Upon capture of audio data by the pendant style microphone array, one or more embodiments of the invention described herein thereby process the captured audio data to generate output that identifies user voices via a diarization audio processing algorithm.
In contrast to conventional systems, various embodiments herein generate data representative of the direction of arrival (DOA) of soundwaves received by the pendant style microphone array. A timestamp may be appended by one or more embodiments to each portion of generated DOA data to indicate a moment in time when a particular portion of a soundwave was received.
Various embodiments process and analyze the DOA data related to one or more soundwaves in order to determine an identity for each voice represented in the DOA data. Since each soundwave originating from a distinct individual will have a different direction of arrival from any other soundwaves originating from other individuals, embodiments herein determine those respective portions of the DOA data that actually represent continuous speech from the same single individual. Respective portions of DOA data that represent continuous speech from the same individual will be associated with DOA data that corresponds with soundwaves (or soundwave portions) within a threshold range of DOA data and consecutive timestamps. A change in a DOA reflected in the DOA data thereby represents commencement of continuous speech by a different individual.
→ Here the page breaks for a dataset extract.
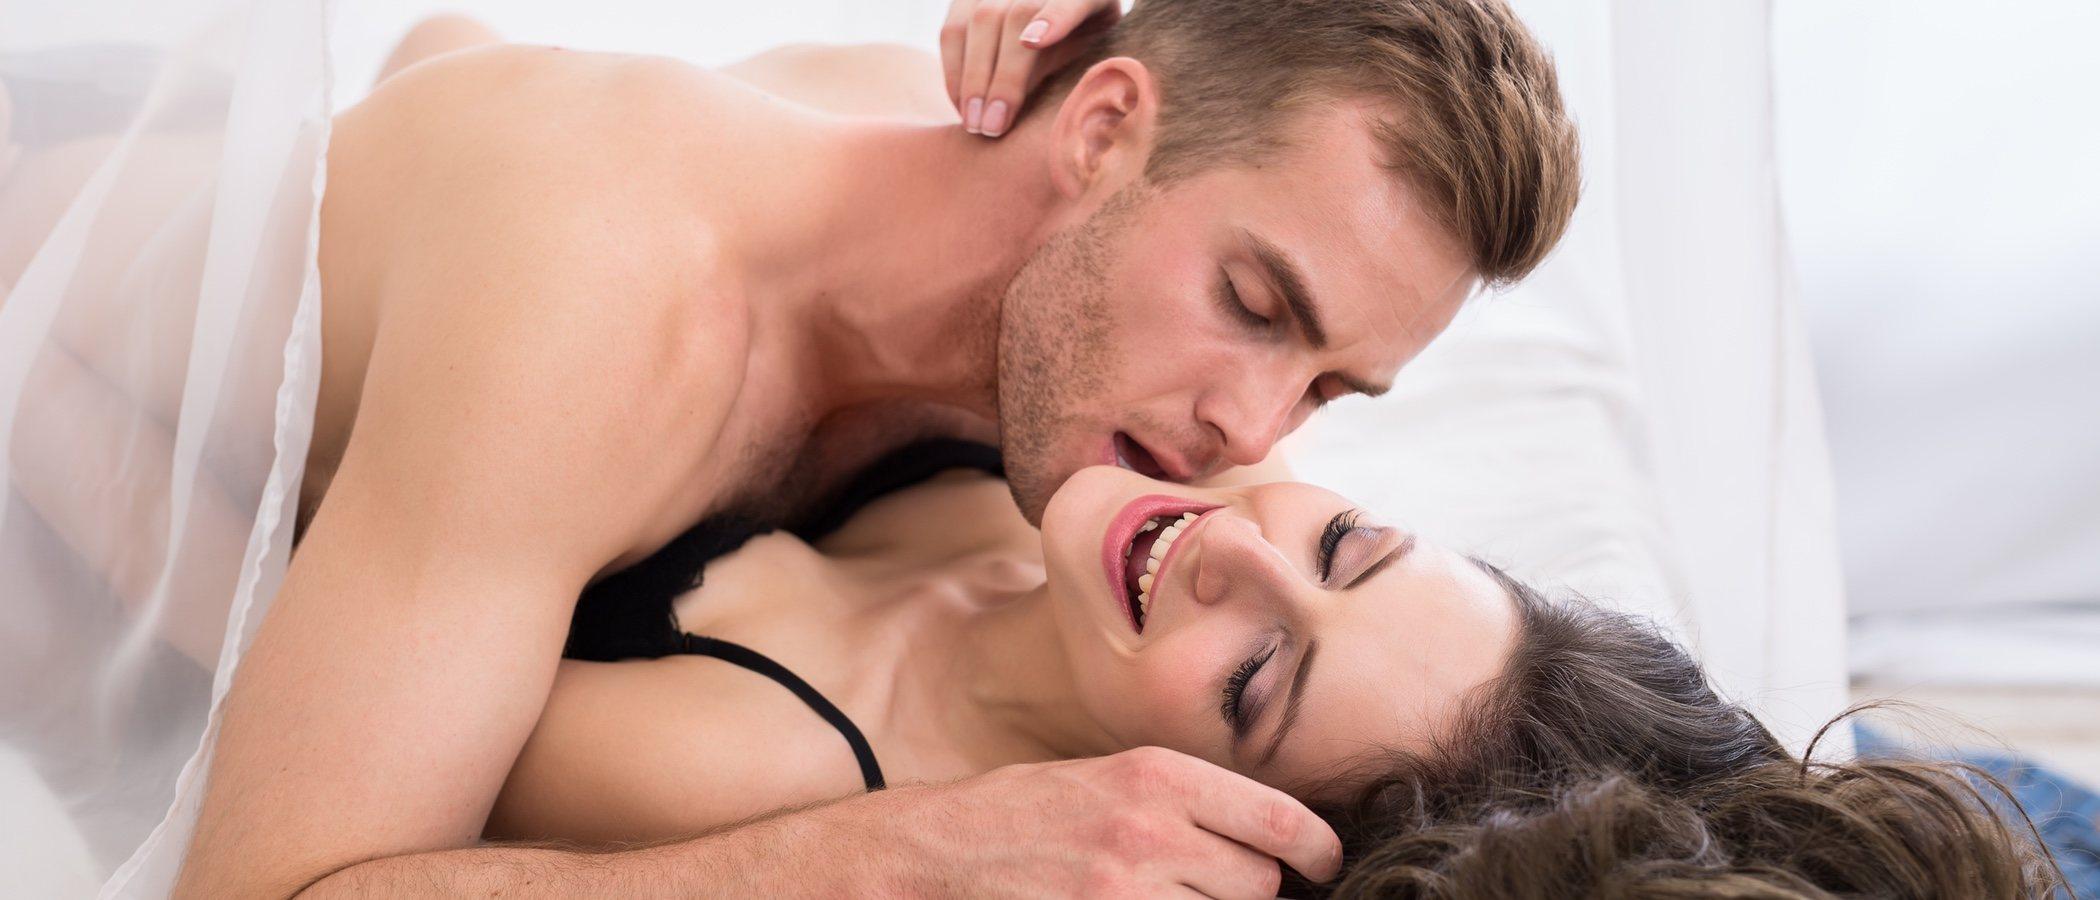 Horóscopo sexual marzo 2020: Acuario

It will be readily understood that the instant components, as generally described and illustrated in the figures herein, may be arranged and designed in a wide variety of different configurations. Thus, the following detailed description of the embodiments of at least one of a method, apparatus, computer readable storage medium and system, as represented in the attached figures, is not intended to limit the scope of the application as claimed but is merely representative of selected embodiments. Multiple embodiments depicted herein are not intended to limit the scope of the solution. The computer-readable storage medium may be a non-transitory computer readable media or a non-transitory computer readable storage medium.
The instant features, structures, or characteristics described in this specification may be combined in any suitable manner in one or more embodiments. For example, the usage of the phrases “example embodiments,” “some embodiments,” or other similar language, throughout this specification refers to the fact that a particular feature, structure, or characteristic described in connection with the embodiment may be included in at least one example. Thus, appearances of the phrases “example embodiments”, “in some embodiments”, “in other embodiments,” or other similar language, throughout this specification can all refer to the same embodiment. Thus, these embodiments may work in conjunction with any of the other embodiments, may not be functionally separate, and the described features, structures, or characteristics may be combined in any suitable manner in one or more embodiments.
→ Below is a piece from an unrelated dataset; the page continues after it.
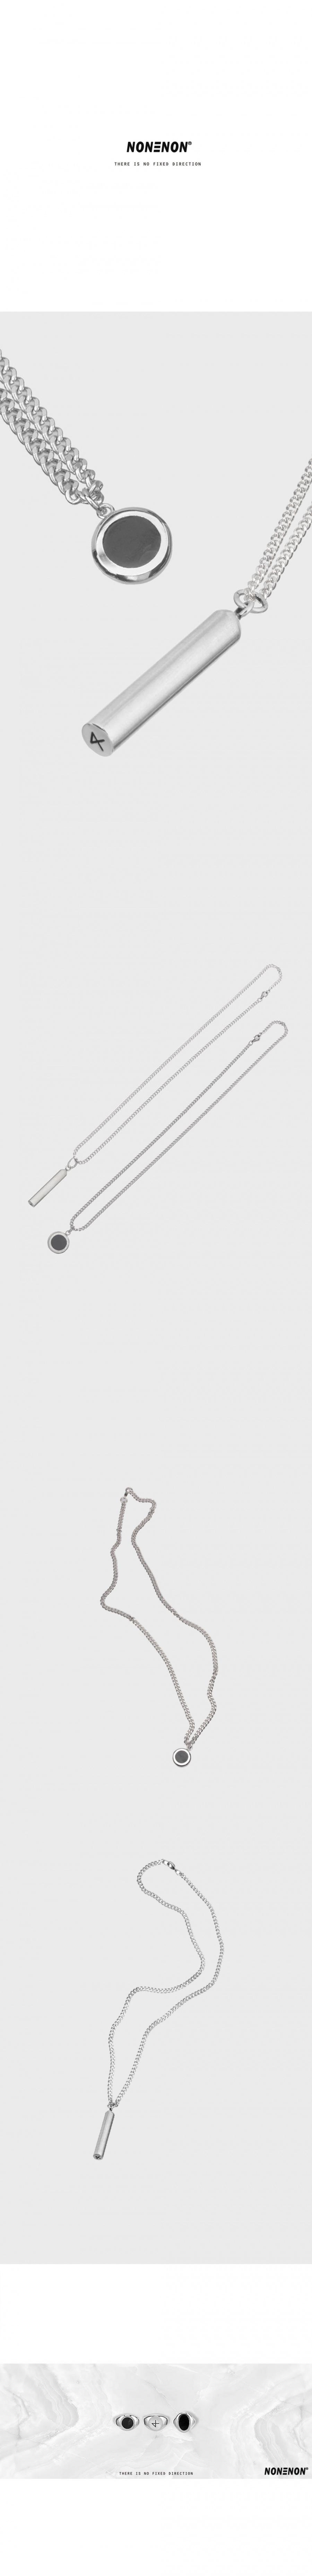 논논(NONENON) MAGIC CIRCLE NEC + BELL NEC

Example embodiments provide methods, systems, hardware components, non-transitory computer readable media, devices, and/or networks, which provide a client device, server and/or a client/server model for performing audio data diarization. The process of diarization may include identifying different persons or ‘speakers’ through an audio voice fingerprint analysis process. Diarization is the process of dividing an audio recording into segments that correspond to different speakers which are detected during a speaking event, such as a conversation. Such a process is usually part of a speech-to-text configuration that aims to improve readability for those studying the transcription.
One approach to diarization may include co-indexing segments that belong to the same speaker/person, and establishing speaker boundaries from recorded audio. Diarization can also determine a number of distinct speakers. When used with speech recognition, diarization enables speaker-attributed speech-to-text transcription. Diarization is used with conversation analysis tools such as automatic speech recognition of conversation content. For example, an application programming interface (API) can provide speaker tags or labels along with transcribed audio data which identifies and differentiates between different speakers/persons.
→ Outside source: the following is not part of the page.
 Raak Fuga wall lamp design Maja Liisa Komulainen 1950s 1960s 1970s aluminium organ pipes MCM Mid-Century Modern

According to example embodiments, machine learning and/or artificial intelligence (AI) algorithms may be implemented to record and ingest audio of one or more persons speaking near a person wearing the device. The pendant worn microphone array may be configured to capture audio data that is then processed and analyzed by one or more embodiments of a diarization algorithm to determine when certain people start and stop speaking when there are multiple speakers in the presence of background noise. One or more embodiments of a diarization algorithm described herein may include or may be based on one or more machine learning and/or artificial intelligence (AI) algorithms.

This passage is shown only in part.